Потом резко обернулся, и я снова отвёл взгляд от его глаз, от которых исходил пронизывающий холод — уже не отсюда. Тёмные обводины недосыпания вокруг глаз команданте казались выжженными.

— Вы катаетесь на велосипеде? — спросил команданте.

Я поднял взгляд, ожидая увидеть улыбку, но его бледное лицо не улыбалось.

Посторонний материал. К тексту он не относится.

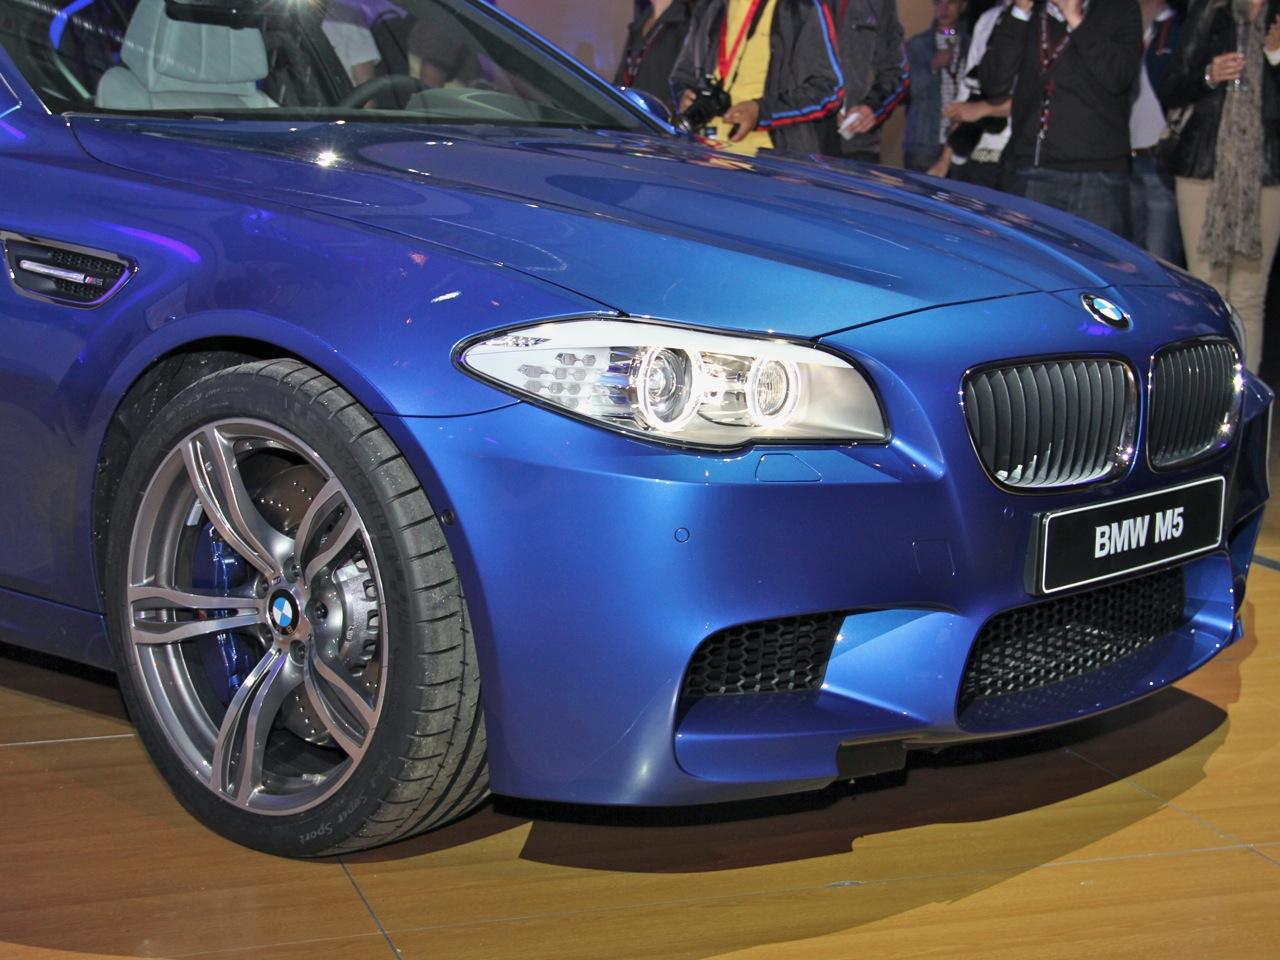 2012 Bmw M5 Uneviled At Nurburgring 24 Hour Vivid Car

— Иногда стать революционером может помочь велосипед, — сказал команданте, опускаясь на стул и осторожно беря чашечку кофе узкими пальцами пианиста. — Подростком я задумал объехать мир на велосипеде. Однажды я забрался вместе с велосипедом в огромный грузовой самолёт, летевший в Майами. Он вёз лошадей на скачки. Я спрятал велосипед в сене и спрятался сам. Когда мы прилетели, то хозяева лошадей пришли в ярость. Они смертельно боялись, что моё присутствие отразится на нервной системе лошадей. Меня заперли в самолёте, решив мне отомстить. Самолёт раскалился от жары. Я задыхался. От жары и голода у меня начался бред… Хотите ещё чашечку кофе?.. Я жевал сено, и меня рвало. Хозяева лошадей вернулись через сутки пьяные и, кажется, проигравшие. Один из них запустил в меня полупустой бутылкой кока-колы. Бутылка разбилась. В одном из осколков осталось немного жидкости. Я выпил её и порезал себе губы. Во время обратного полёта хозяева лошадей хлестали виски и дразнили меня сандвичами. К счастью, они дали лошадям воду, и я пил из брезентового ведра вместе с лошадьми…

Разговор происходил в 1963 году, когда окаймлённое бородкой трагическое лицо команданте ещё не штамповали на майках, с империалистической гибкостью учитывая антиимпериалистические вкусы левой молодёжи. Команданте был рядом, пил кофе, говорил, постукивая пальцами по книге о партизанской войне в Китае, наверно, не случайно находившейся на его столе. Но ещё до Боливии он был живой легендой, а на живой легенде всегда есть отблеск смерти. Он сам её искал. Согласно одной из легенд команданте неожиданно для всех вылетел вместе с горсткой соратников во Вьетнам и предложил Хо Ши Мину сражаться на его стороне, но Хо Ши Мин вежливо отказался. Команданте продолжал искать смерть, продираясь, облепленный москитами, сквозь боливийскую сельву, и его предали те самые голодные, во имя которых он сражался, потому что по его пятам вместо обещанной им свободы шли каратели, убивая каждого, кто давал ему кров. И смерть вошла в деревенскую школу Ла Игеры, где он сидел за учительским столом, усталый и больной, и ошалевшим от предвкушаемых наград армейским голосом гаркнула: «Встать!», а он только выругался, но и не подумал подняться. Говорят, что, когда в него всаживали пулю за пулей, он даже улыбался, ибо этого, может быть, и хотел. И его руки с пальцами пианиста отрубили от его мёртвого тела и повезли на самолете в Ла-Пас для дактилоскопического опознания, а тело, разрубив на куски, раскидали по сельве, чтобы у него не было могилы, на которую приходили бы люди. Но если он улыбался, умирая, то, может быть, потому, что думал: лишь своей смертью люди могут добиться того, чего не могут добиться своей жизнью. Христианства, может быть, не существовало бы, если бы Христос умер, получая персональную пенсию.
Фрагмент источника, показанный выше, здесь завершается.